Ingredients:
- 1.5 lbs (680g) skinless salmon fillet, cut into 1-inch cubes
- 1 tablespoon olive oil (US: 1 Tbsp; Metric: 15ml)
- 1/2 teaspoon garlic powder (US: 1/2 tsp; Metric: 2.5ml)
- 1/4 teaspoon salt (US: 1/4 tsp; Metric: 1.25ml)
- 1/4 teaspoon black pepper (US: 1/4 tsp; Metric: 1.25ml)
- 1/2 cup mayonnaise (US: 1/2 cup; Metric: 120ml)
- 2 tablespoons sweet chili sauce (US: 2 Tbsp; Metric: 30ml)
- 1 tablespoon Sriracha (or other hot sauce, to taste) (US: 1 Tbsp; Metric: 15ml)
- 1 tablespoon honey (US: 1 Tbsp; Metric: 15ml)
- 1 teaspoon rice vinegar (US: 1 tsp; Metric: 5ml)
- 2 cups cooked rice (white, brown, or jasmine) (US: 2 cups; Metric: 400g cooked)
- 1 cup shredded carrots (US: 1 cup; Metric: 100g)
- 1 cup thinly sliced cucumber (US: 1 cup; Metric: 100g)
- 1/2 cup chopped green onions (scallions) (US: 1/2 cup; Metric: 50g)
- 2 tablespoons sesame seeds (US: 2 Tbsp; Metric: 20g)
- Optional: Avocado slices, cilantro, lime wedges
Instructions:
- Toss salmon cubes with olive oil, garlic powder, salt, and pepper.
- Heat a large skillet over medium-high heat. Cook salmon until browned and cooked through, about 5-7 minutes. Ensure internal temperature reaches 145°F (63°C).

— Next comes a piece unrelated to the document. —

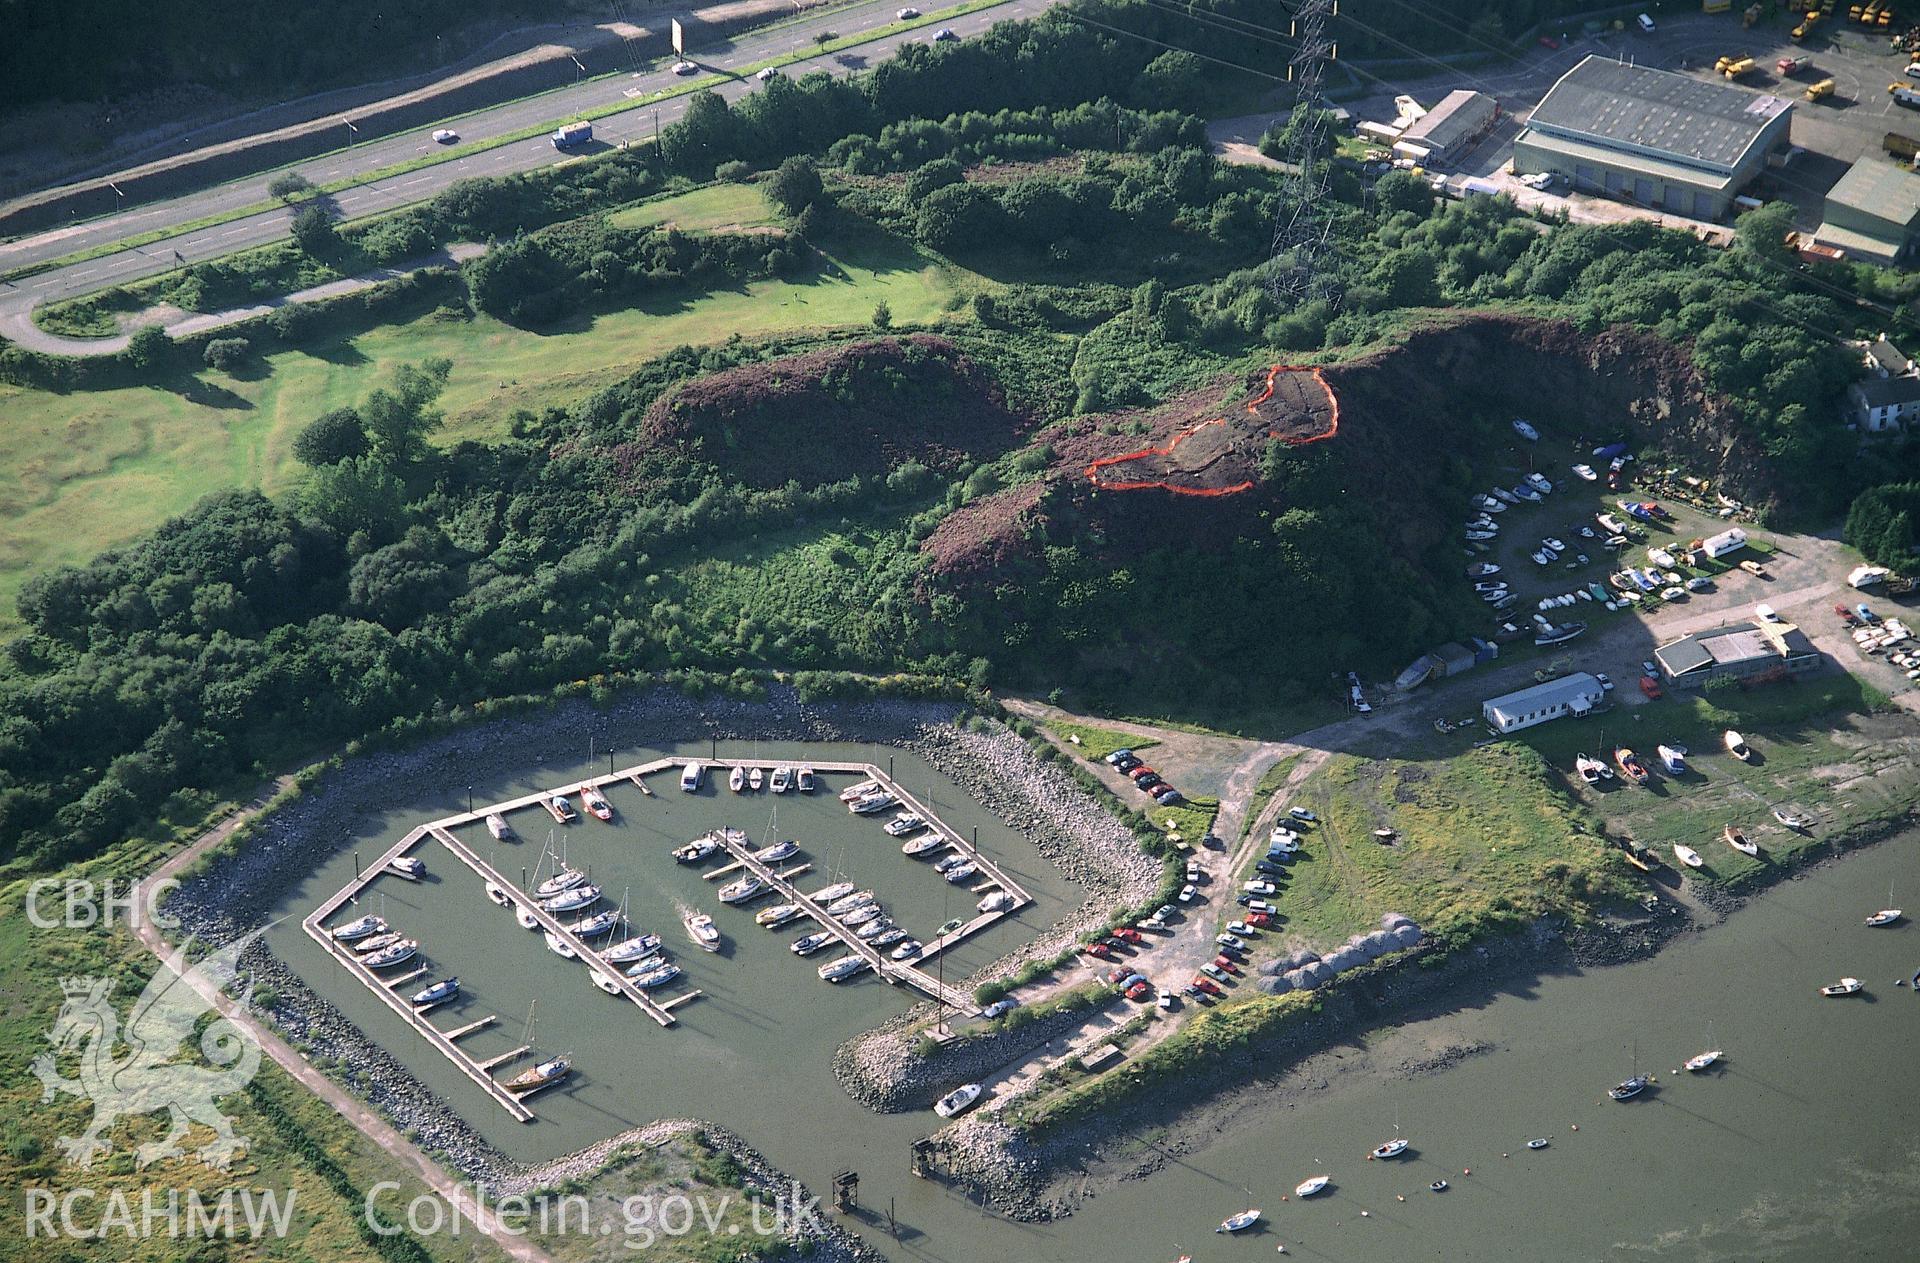 RCAHMW colour slide oblique aerial photograph of Hen Gastell, Coedffranc, taken on 25/08/1991 by CR Musson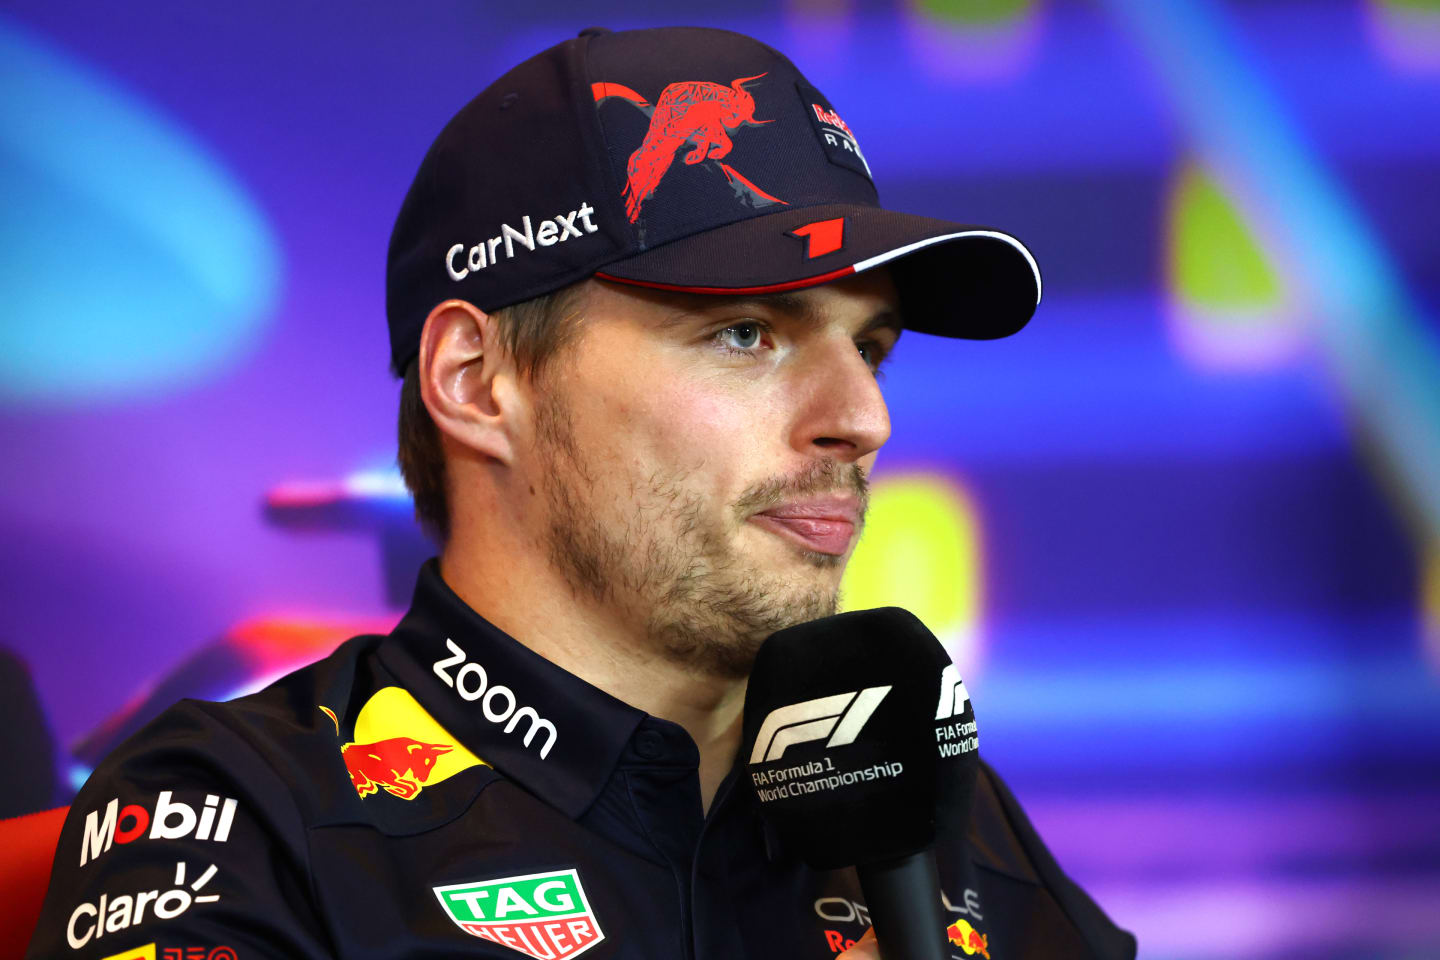 ABU DHABI, UNITED ARAB EMIRATES - NOVEMBER 17: Max Verstappen of the Netherlands and Oracle Red Bull Racing talks in a press conference during previews ahead of the F1 Grand Prix of Abu Dhabi at Yas Marina Circuit on November 17, 2022 in Abu Dhabi, United Arab Emirates. (Photo by Bryn Lennon/Getty Images)

- In a bowl, whisk together mayonnaise, sweet chili sauce, Sriracha, honey, and rice vinegar until smooth. Taste and adjust seasonings as needed.
- Pour the Bang Bang sauce over the cooked salmon and toss to coat evenly.
- Divide cooked rice into bowls. Top with saucy salmon bites, shredded carrots, cucumber, and green onions.
- Sprinkle with sesame seeds and serve immediately. Offer avocado slices, cilantro, and lime wedges as optional toppings.